Put \[(y-2)\] in the equation (9) we get,
\[16+32+32+16-96=0\]
It means \[y=2\] is the root of the equation (9).
\[(y-2)\] is a factor of the equation (9).
\[\begin{align}
  & {{y}^{4}}+4{{y}^{3}}+8{{y}^{2}}+8y-96=0 \\
 & \Rightarrow (y-2)({{y}^{3}}+6{{y}^{2}}+20y+48)=0 \\
\end{align}\]
\[\Rightarrow ({{y}^{3}}+6{{y}^{2}}+20y+48)=0\] ………………….(10)
Solving this cubic equation using a hit and trial method.

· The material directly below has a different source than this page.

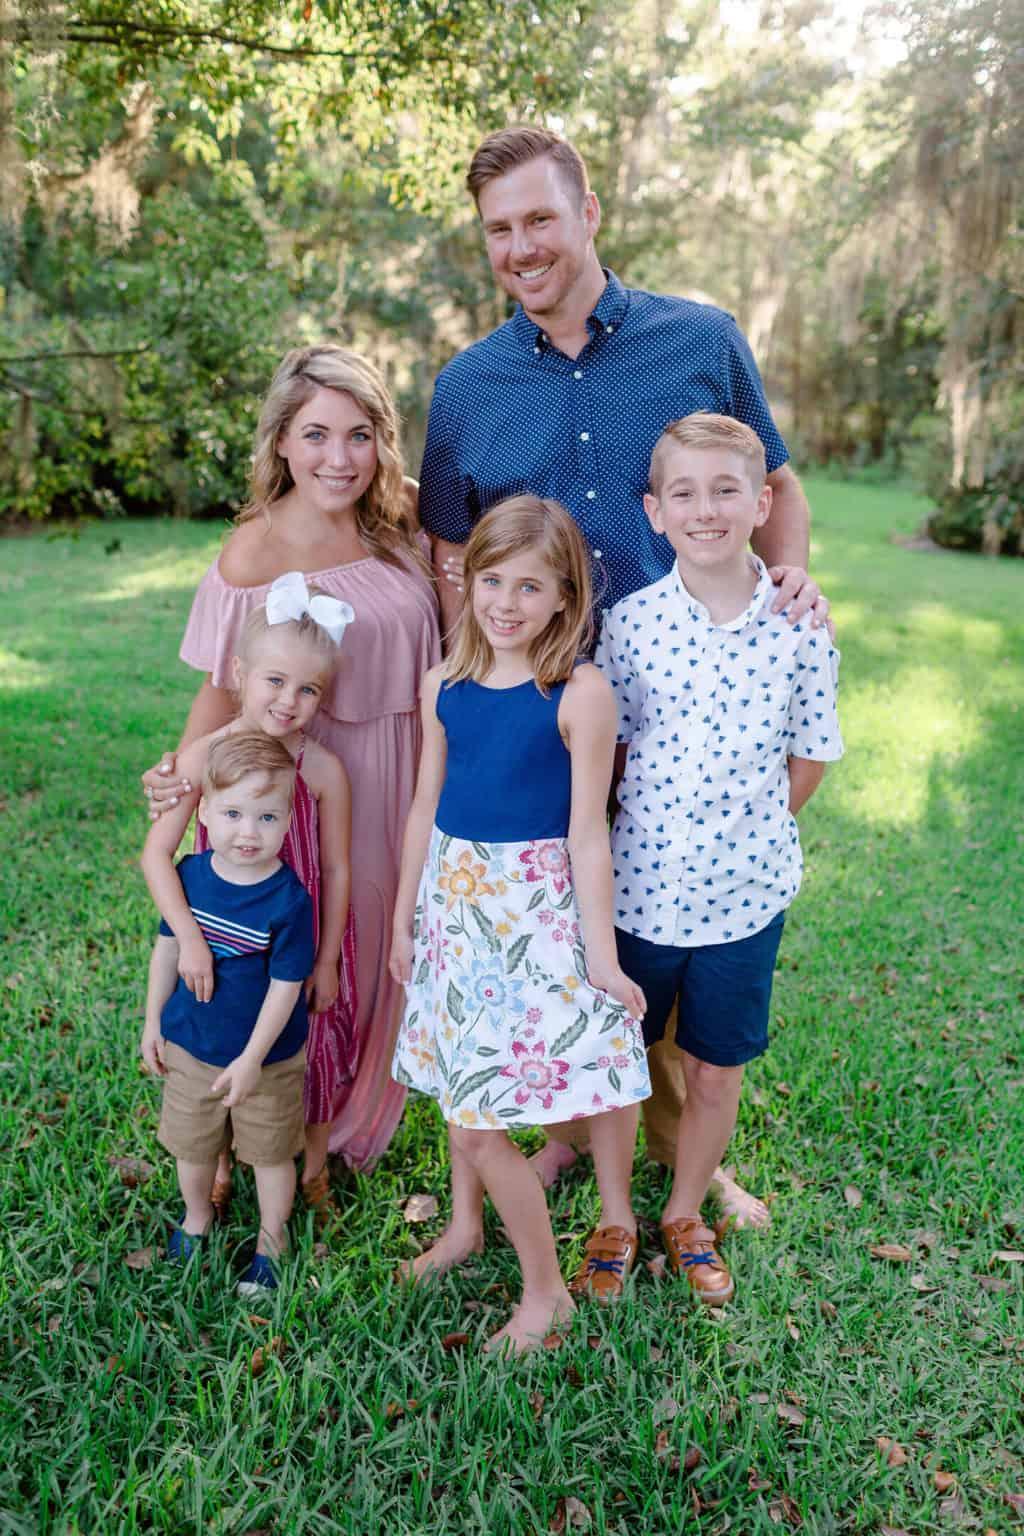 Best Summer Family Photo Ideas

Putting \[y=-4\] in the equation(10), we get
\[-64+96-80+48=0\] .
So, \[y=-4\] is also a root of the equation (10).
It means \[(y+4)\] is the root of the cubic equation.
\[\begin{align}
  & ({{y}^{3}}+6{{y}^{2}}+20y+48)=0 \\
 & \Rightarrow (y+4)({{y}^{2}}+2y+12)=0 \\
\end{align}\]
\[\Rightarrow ({{y}^{2}}+2y+12)=0\] …………………(11)
Equation (11) is quadratic.
\[\begin{align}
  & y=\dfrac{-2\pm \sqrt{4-4(1)(12)}}{2} \\
 & \Rightarrow y=-1\pm \sqrt{-11} \\
\end{align}\]
Now, the roots are \[y=2,4,-1\pm \sqrt{-11}\] .
From equation (3), we have \[x=y+2\] .
\[x=4,-2,1\pm \sqrt{-11}\]
Hence, we have got the value of \[x=4,-2,1\pm \sqrt{-11}\] and \[y=2,4,-1\pm \sqrt{-11}\] .
So, option (B) is correct.

Note: For a quadratic equation, \[a{{x}^{2}}+bx+c=0\] .
The roots are \[\dfrac{-b\pm \sqrt{{{b}^{2}}-4ac}}{2a}\].
And in this question hit and trial method is also important because we are finding two roots of the biquadratic equation. So, one can make mistakes in the hit and trial method. Therefore, we should know how to apply the hit and trial method.